In an embodiment which is represented by dashed lines in FIG. 3, the phase information I can also be derived from the guide shaft of the machine control device 18, since the phase relation of the latter is correlated with the phase relation of the folding apparatus F, and in particular, with the phase relation of the transverse cutting device 24, in a defined manner.

The signal with the phase information I, in the form of angle information I, or in the form of a singular pulse at the time of the passage of the initiator, is processed in a control arrangement 56 and triggers the cutting at the correct registration by operation of the cutting device 11. In the case of an already phase-correlated singular pulse, the control arrangement 56 can be embodied as a simple actuating member 56, such as, for example, as a valve for a pressure medium charge. If the phase information I merely represents information regarding the angular position at the moment, the control arrangement 56 has means, such as, for example, input means for determining a defined set point position and for the respective evaluation of the received phase information I.

In the discussion which now follows, the guide rails 09, or the differently configured guide rail sections used in this connection, will be explained in greater detail.

The guide rail 09, which is depicted somewhat schematically in FIGS. 1 and 2 and which is substantially employed primarily over the entire guide path has, as is represented in FIG. 4, a generally U-shaped or C-shaped cross section. This cross section defines a groove 23, as is also seen in FIG. 4 and through which groove 23, and in particular through longitudinal groove 23, respective chain elements 51 are conducted.

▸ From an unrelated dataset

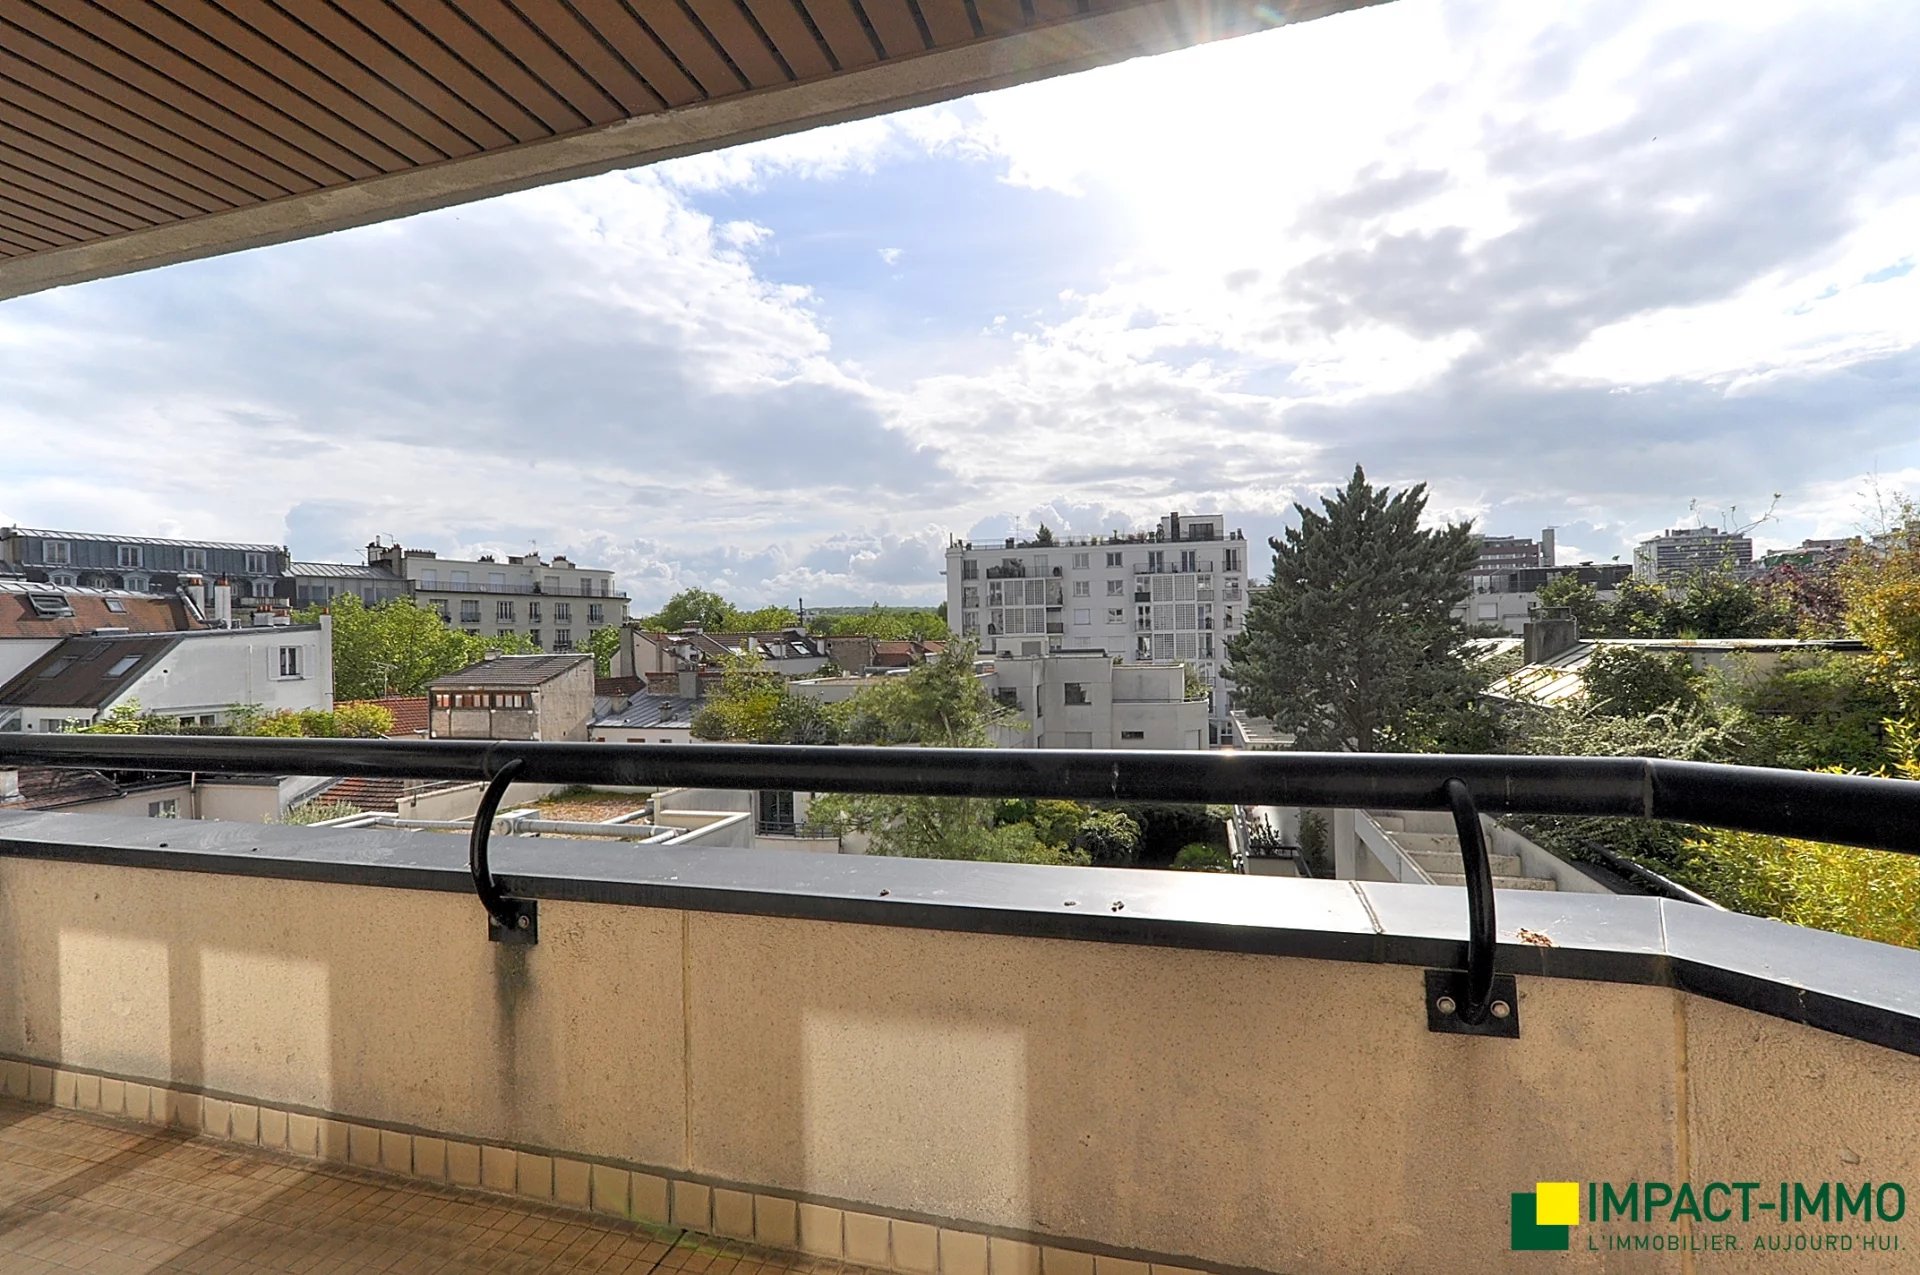 6 pièces, balcons, parking double boxé - Boulogne Nord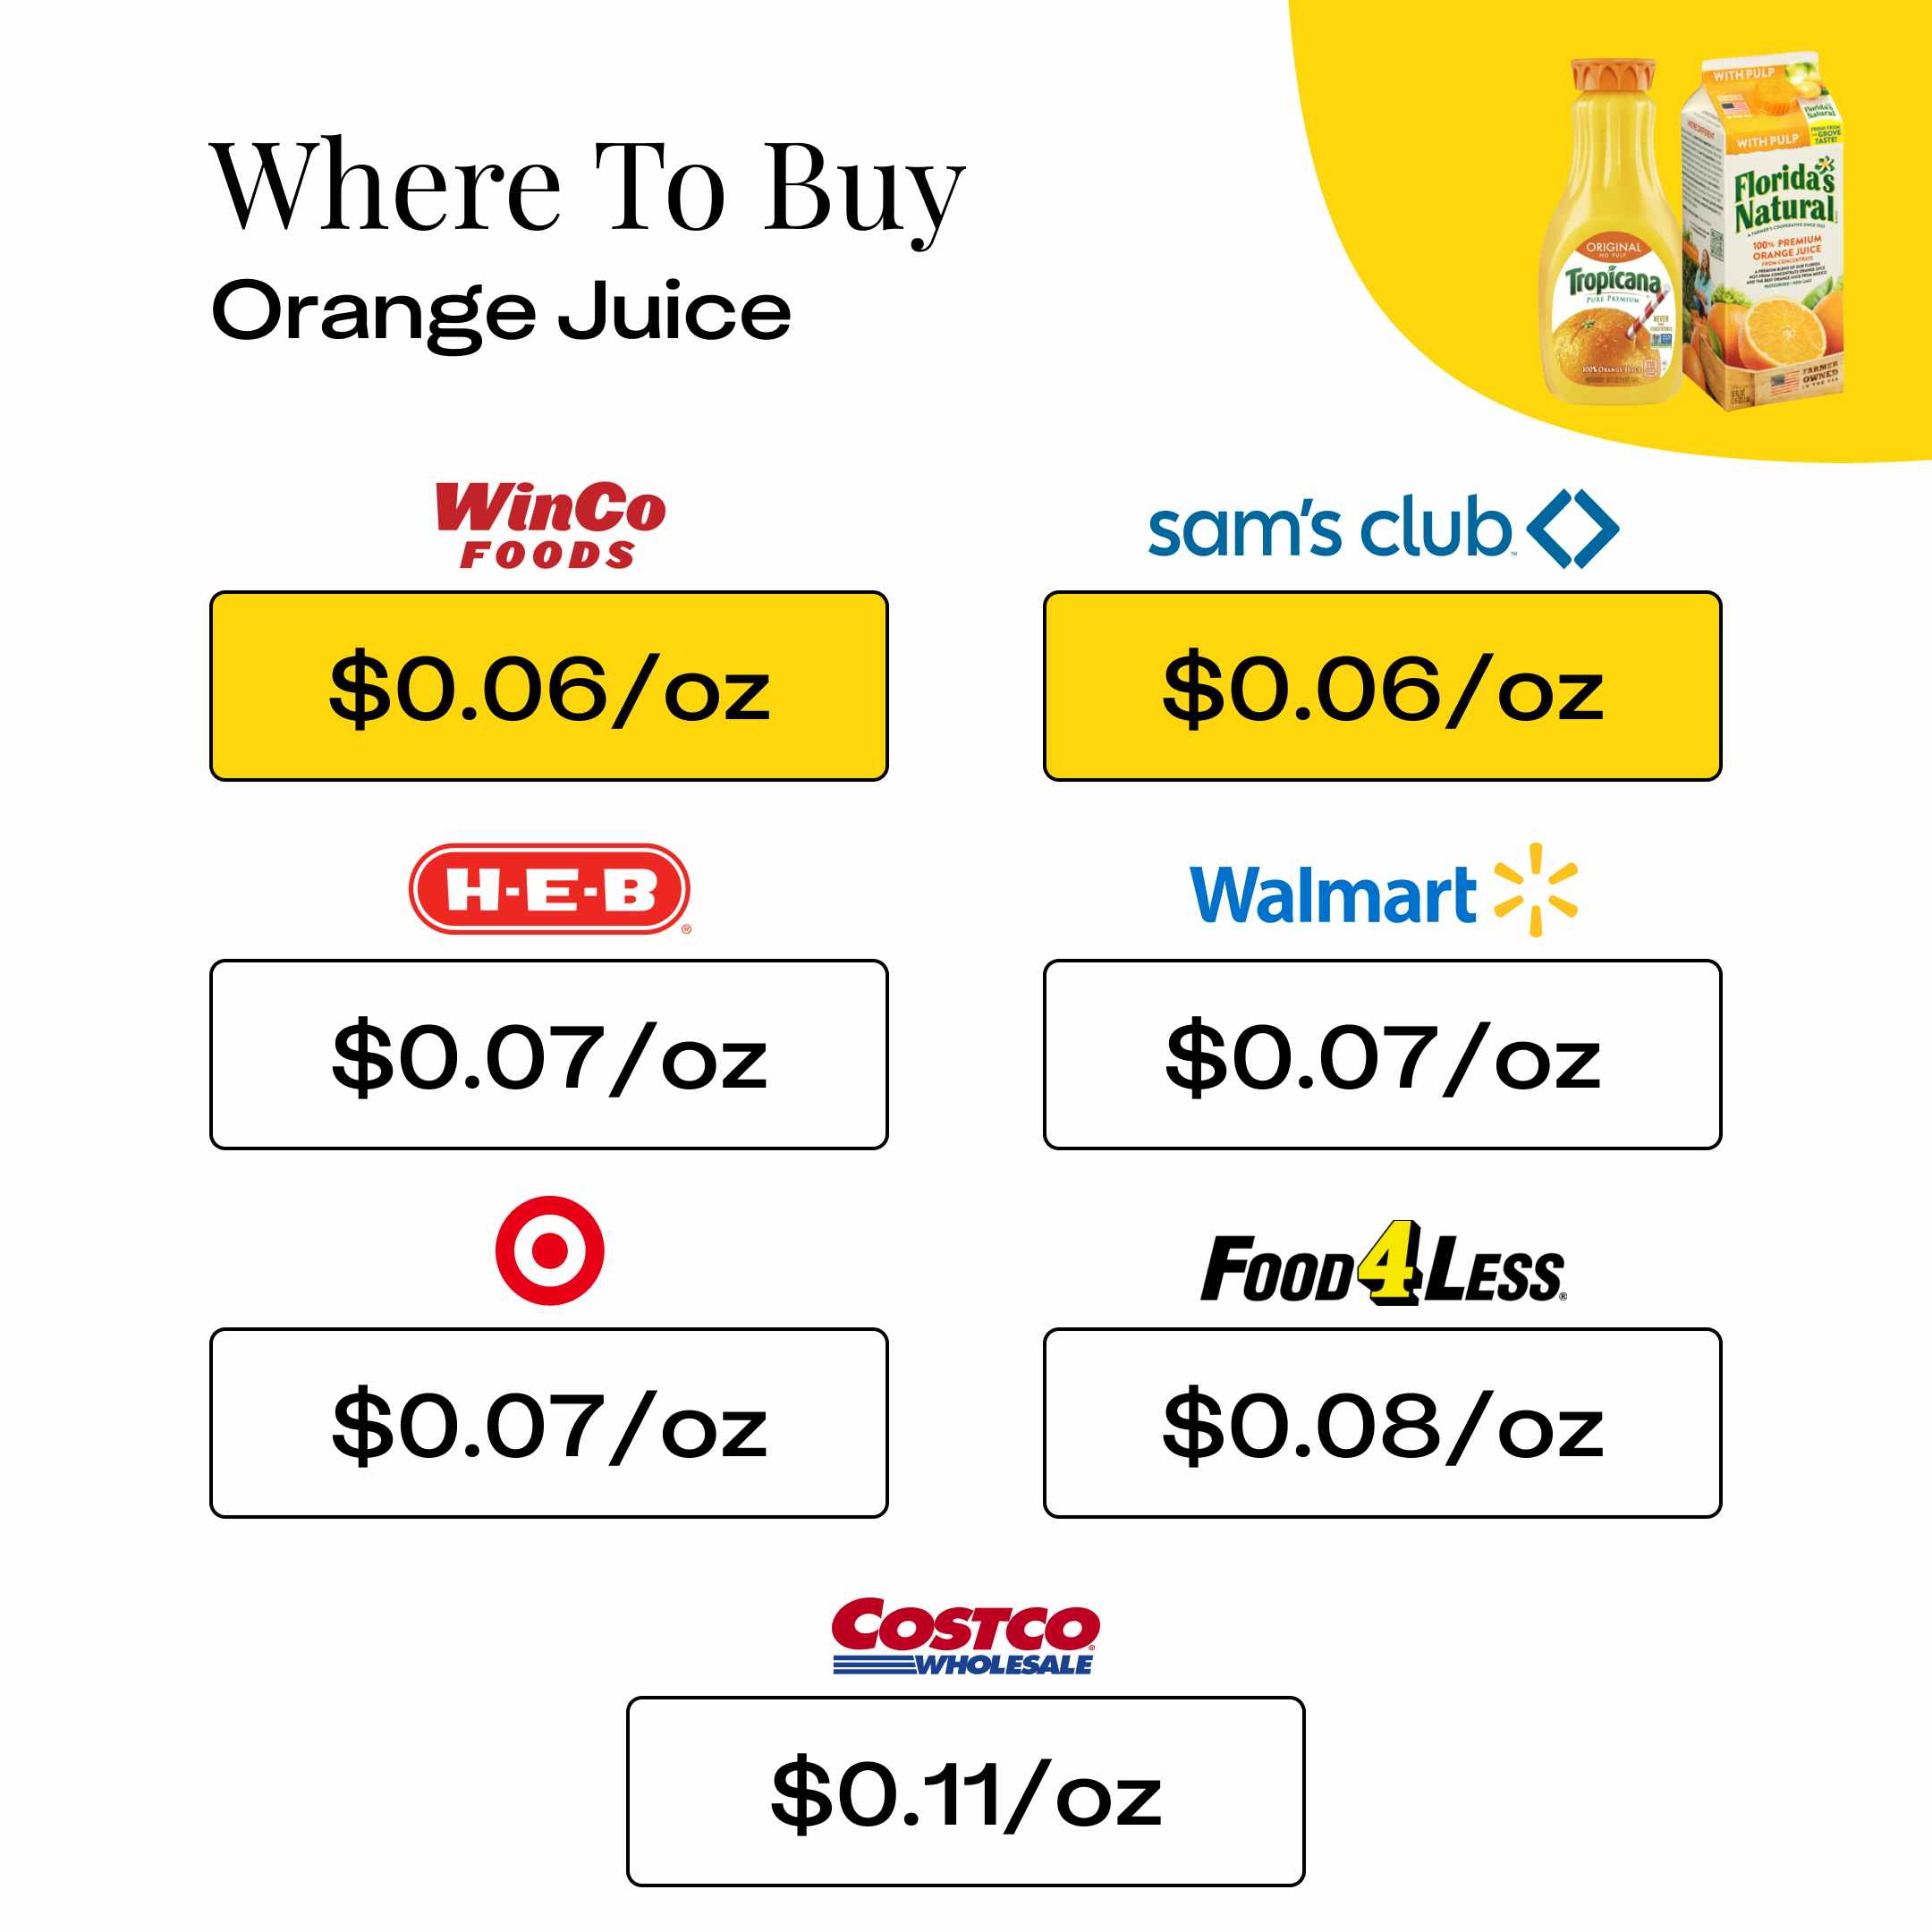 Where To Buy Orange Juice

The chain element 51 is constructed of alternatingly single- or double-segmented chain links 52, 53, at least one of which has an arm 19 extending out of the groove 23. In FIG. 4, two adjoining links 53 support an arm 19 together in cooperation with each other. The chain element 51 and the arm 19 will also be referred to as holding element 51, 19. A hook is provided at the end of the arm 19 remote from the chain 51, and is usable for fastening, with the aid of a loop placed around the hook, a leading edge 54 of a paper web 01 to be newly drawn in, or a draw-in tip connected with the leading edge 54.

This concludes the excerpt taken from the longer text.